:: Exercise ::
Your reply should consist only of the lines from the one with "お部屋には「壁掛けミラー」を" through the end of the entries, transcribed exactly. Pictures stay out.

--- Records to process Enclosed Below ---

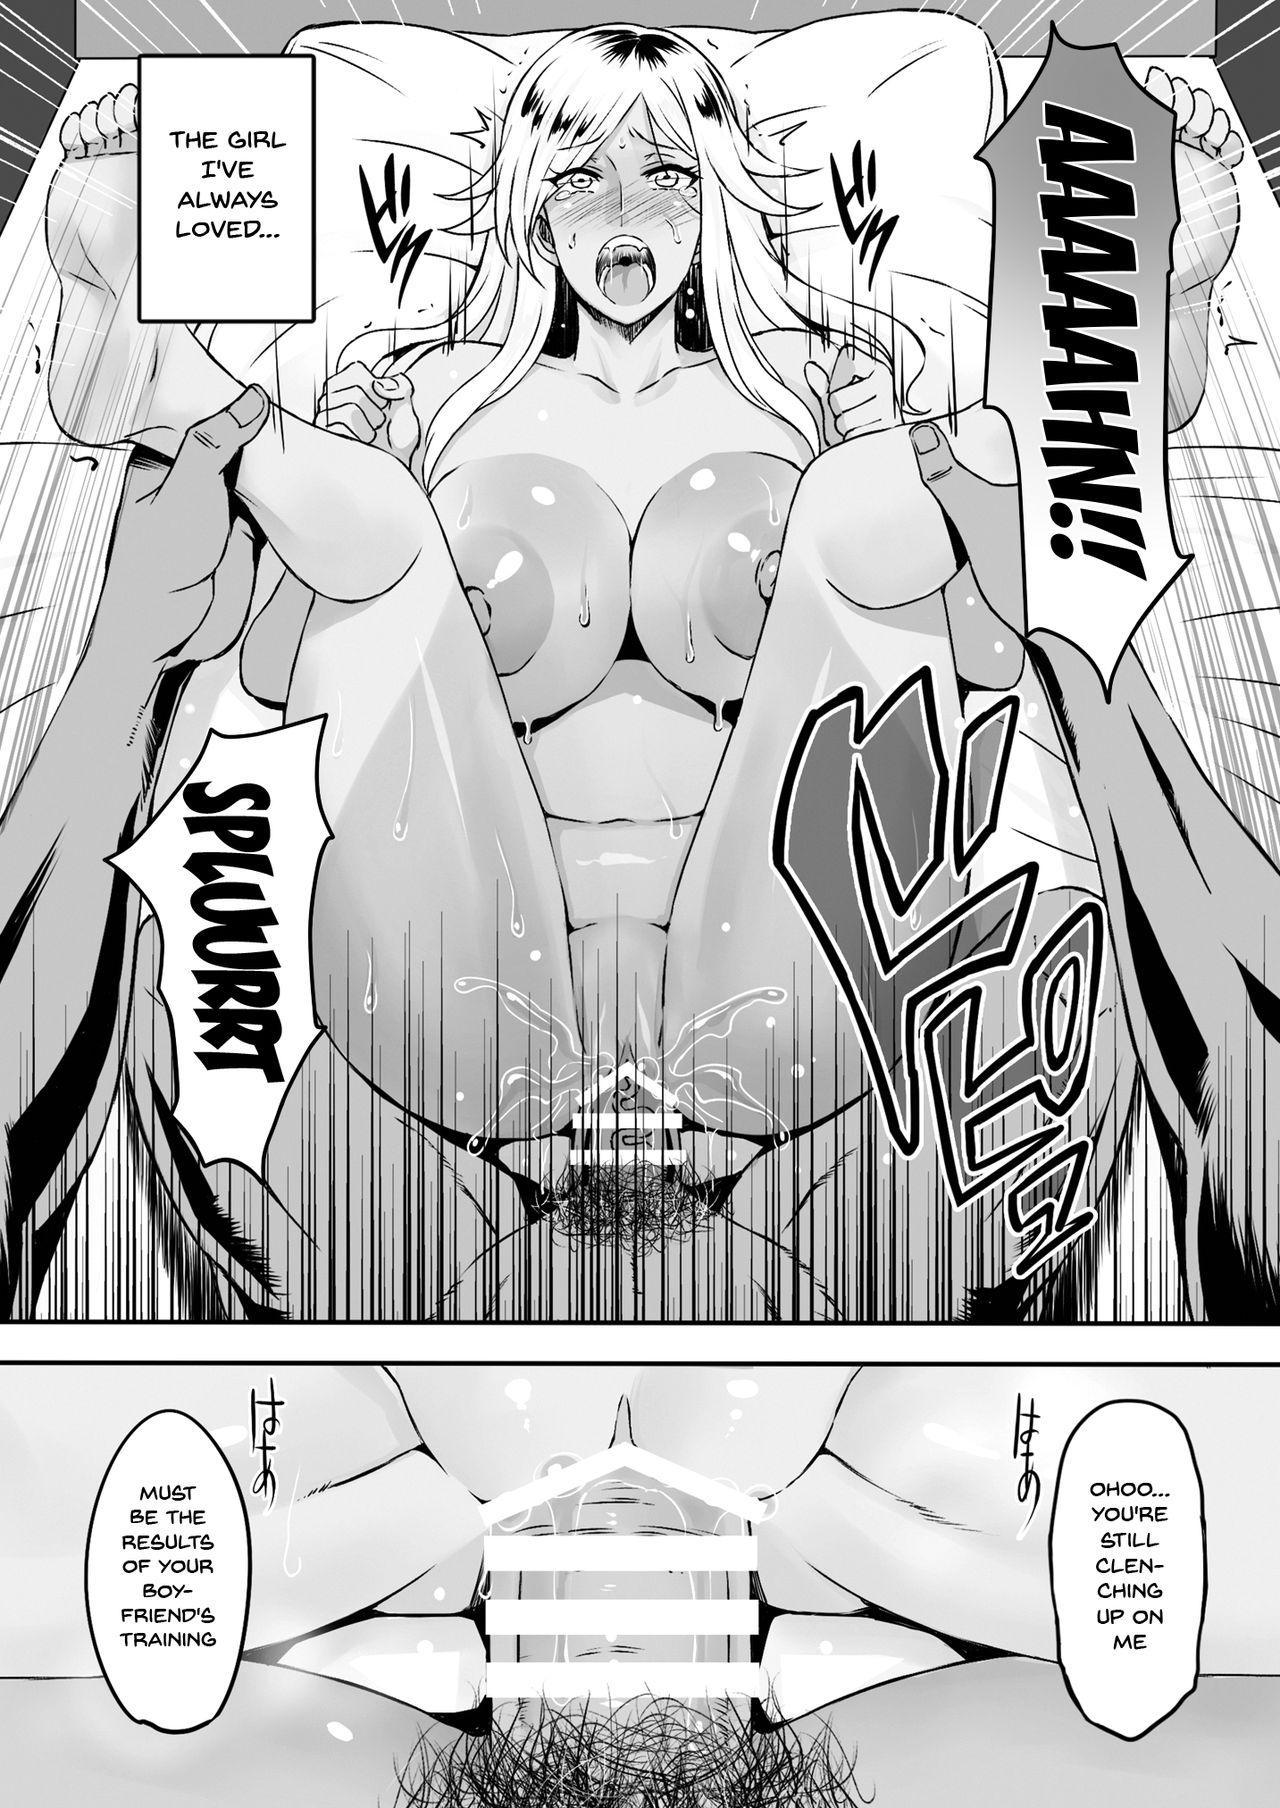 Toaru Site no Seiheki Ranking nite, Zennendai de NTR ga Bucchigiri 1-i Datta no de, Sara ni Ironna Onnanoko o Netotte Moraimashita!! 82
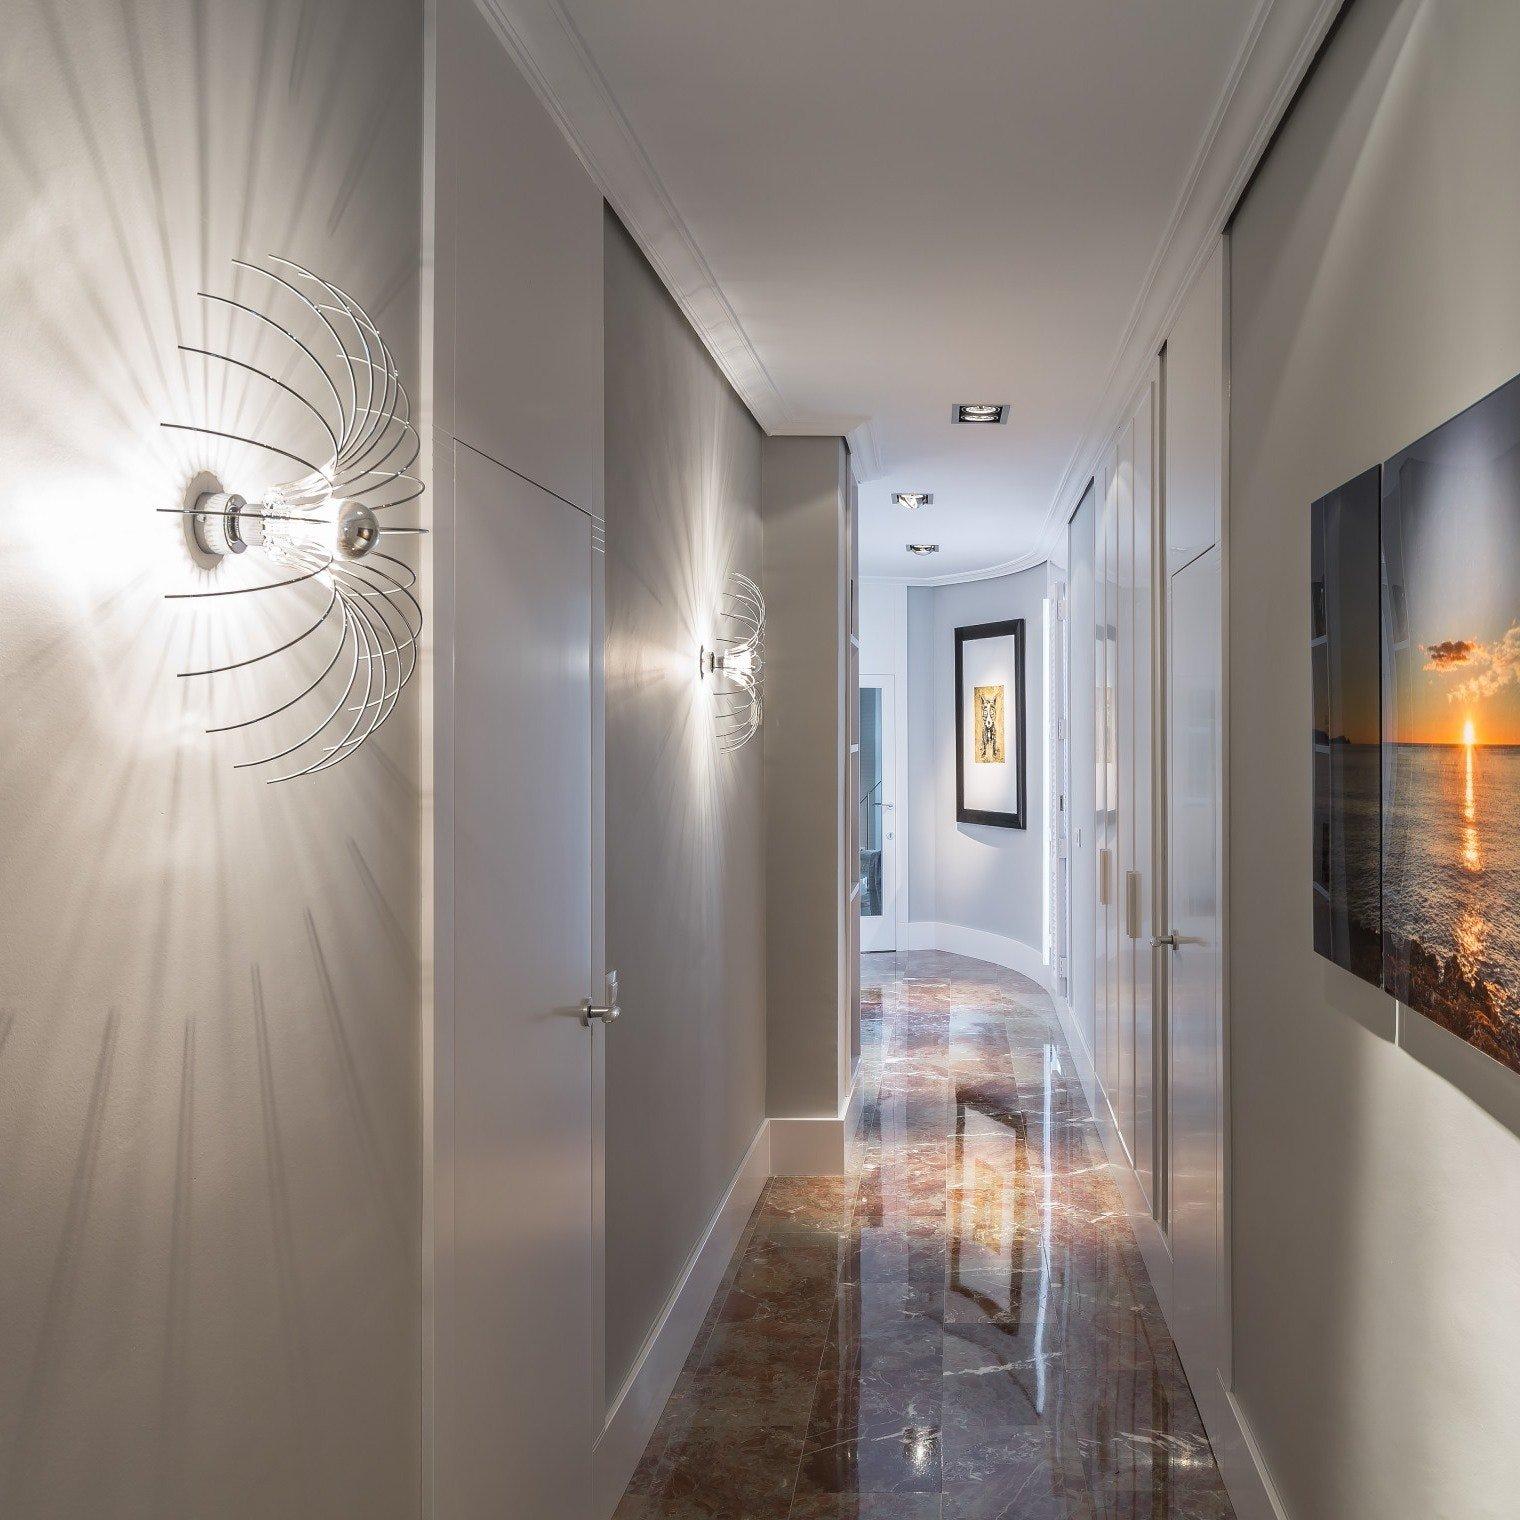 Освещение многоквартирного дома – нормы
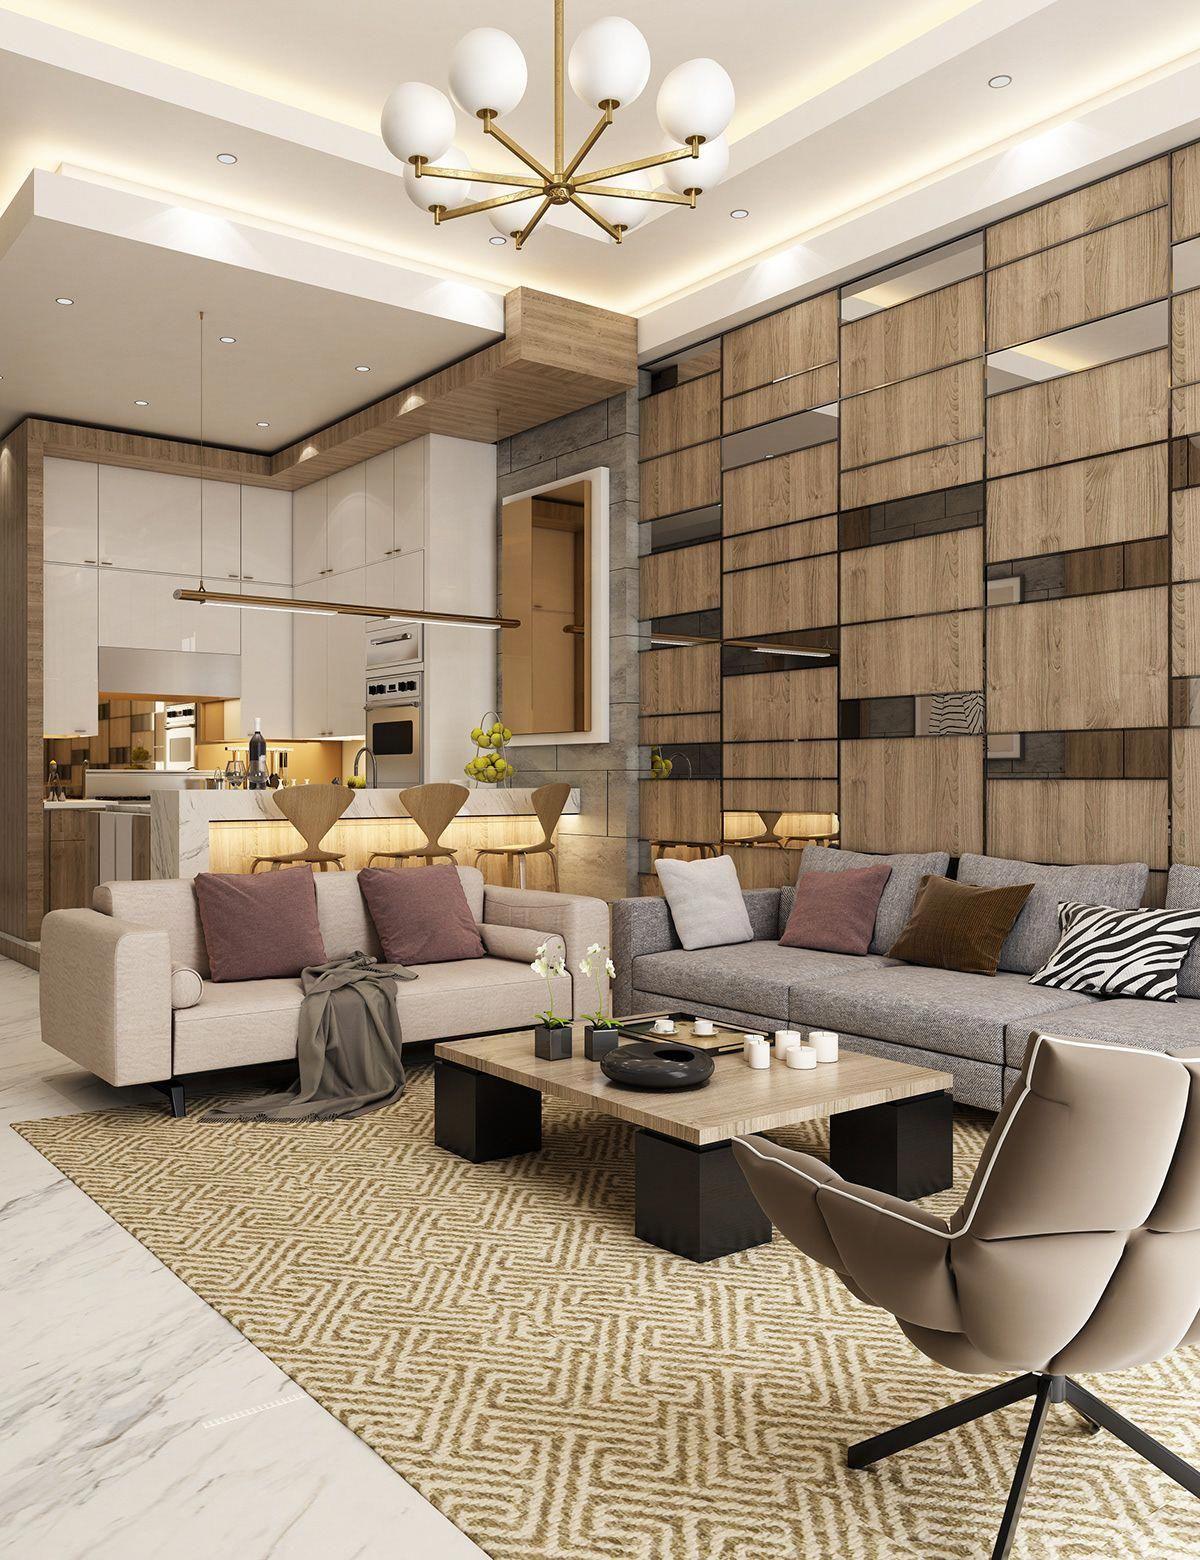 Contemporary apartment design on behance modernhomedecorkitchen also rh pinterest
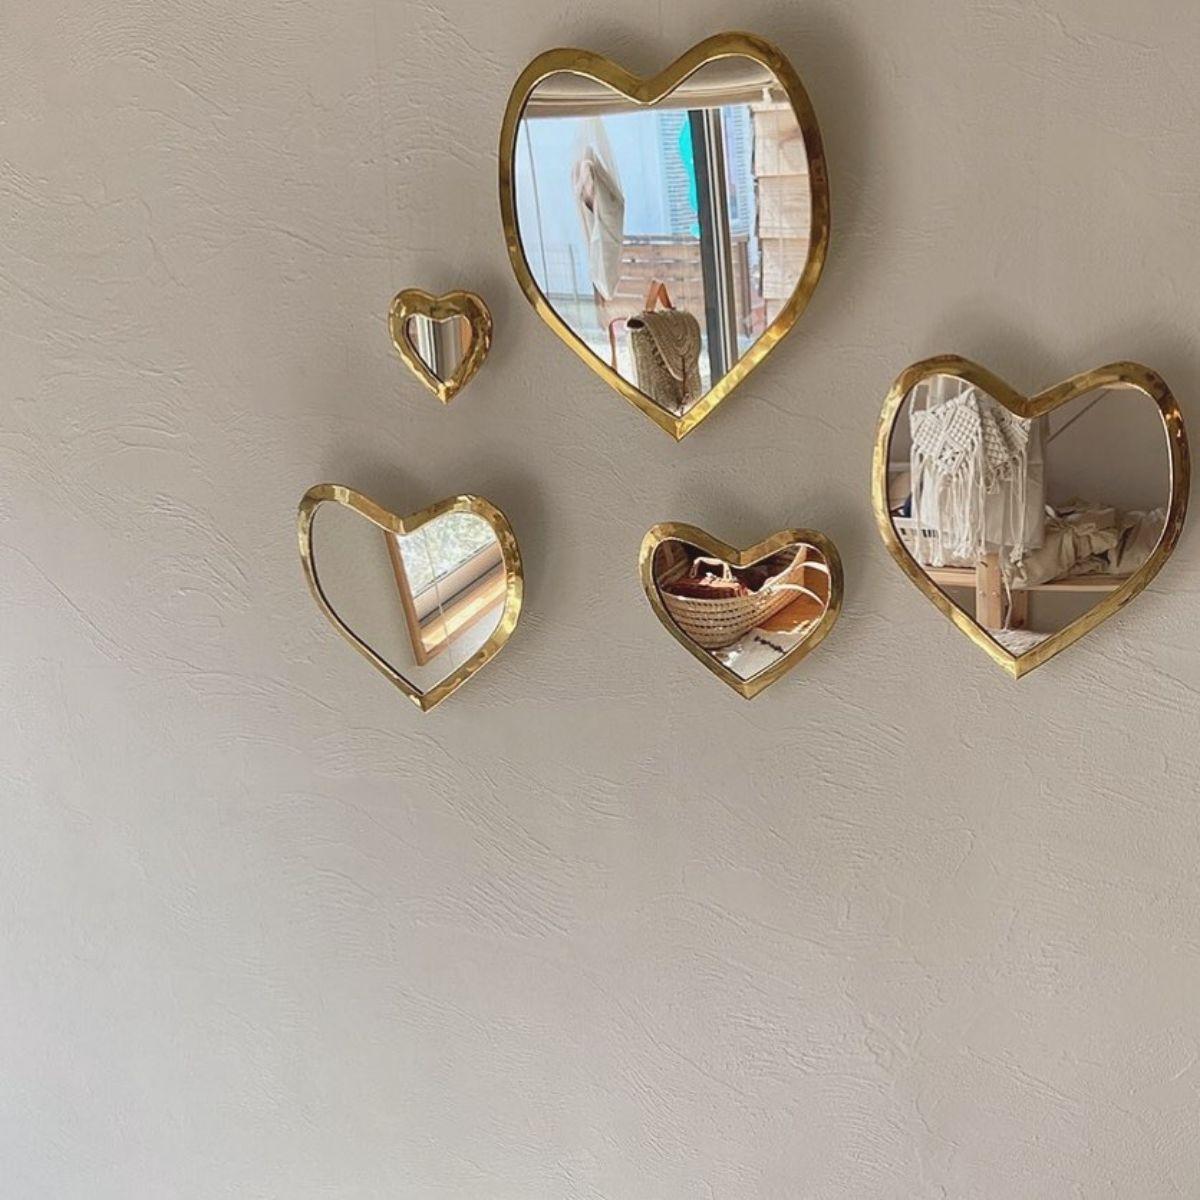 お部屋には「壁掛けミラー」を飾って自分を磨こう♡毎日をハッピーに過ごせるおしゃれデザインのものをご紹介
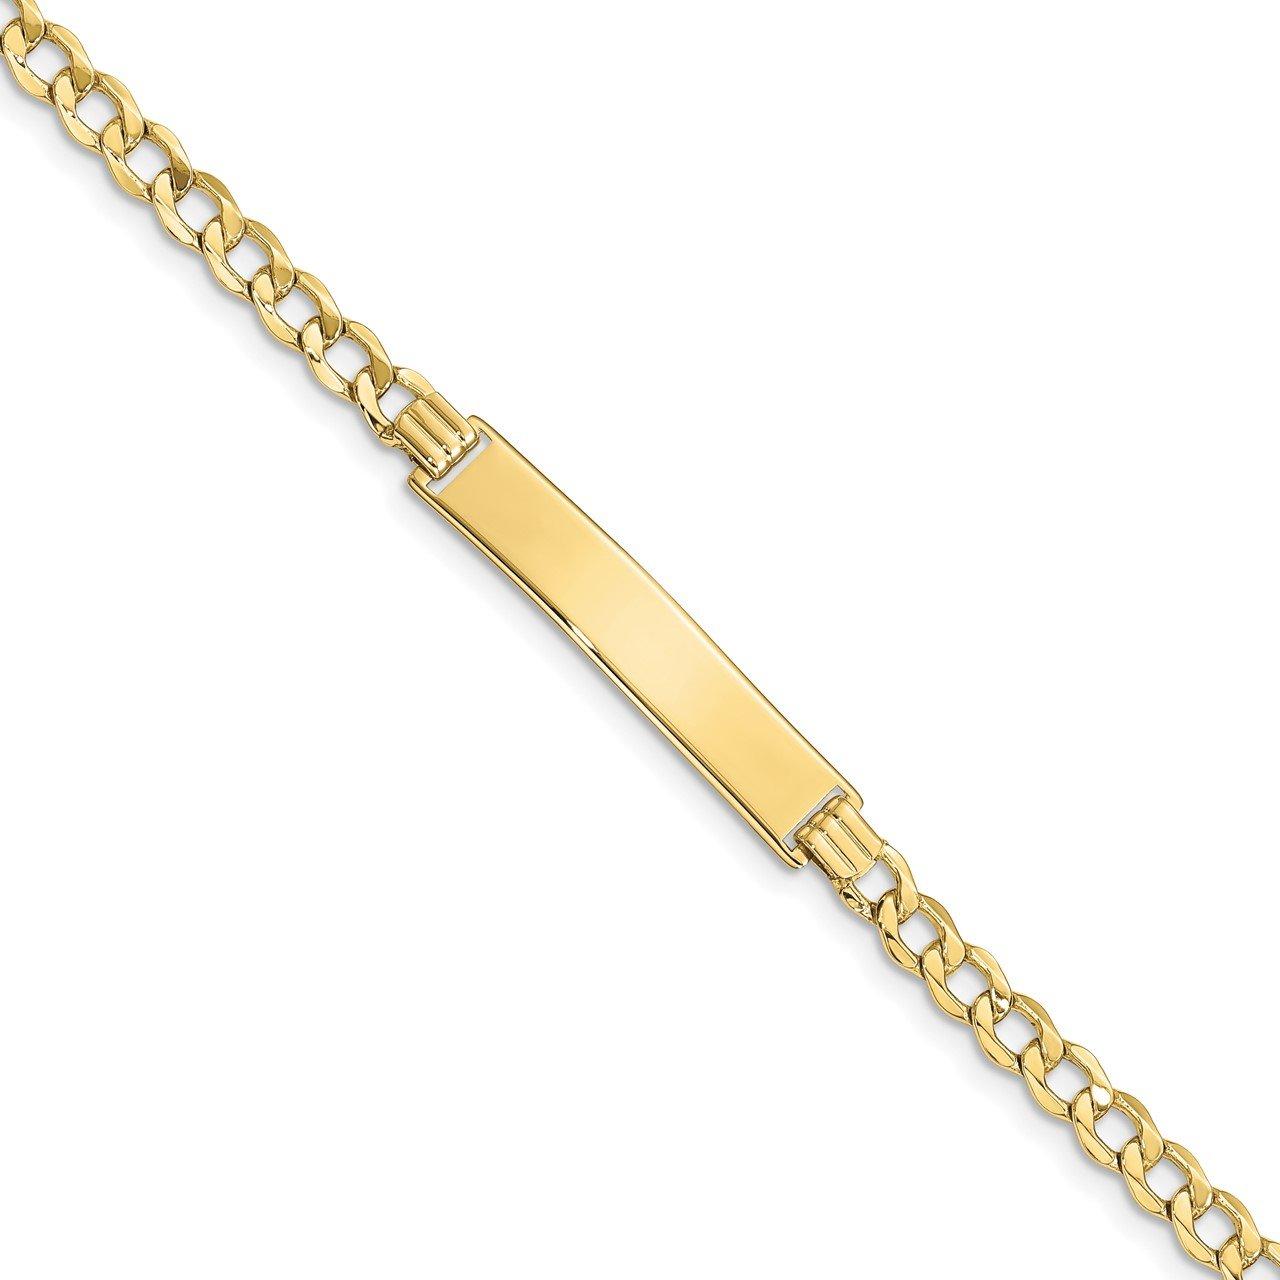 10k Semi-solid Curb Link ID Bracelet

--- End of Enclosed Records to process ---

:: Answer below ::
 お部屋には「壁掛けミラー」を飾って自分を磨こう♡毎日をハッピーに過ごせるおしゃれデザインのものをご紹介
 10k Semi-solid Curb Link ID Bracelet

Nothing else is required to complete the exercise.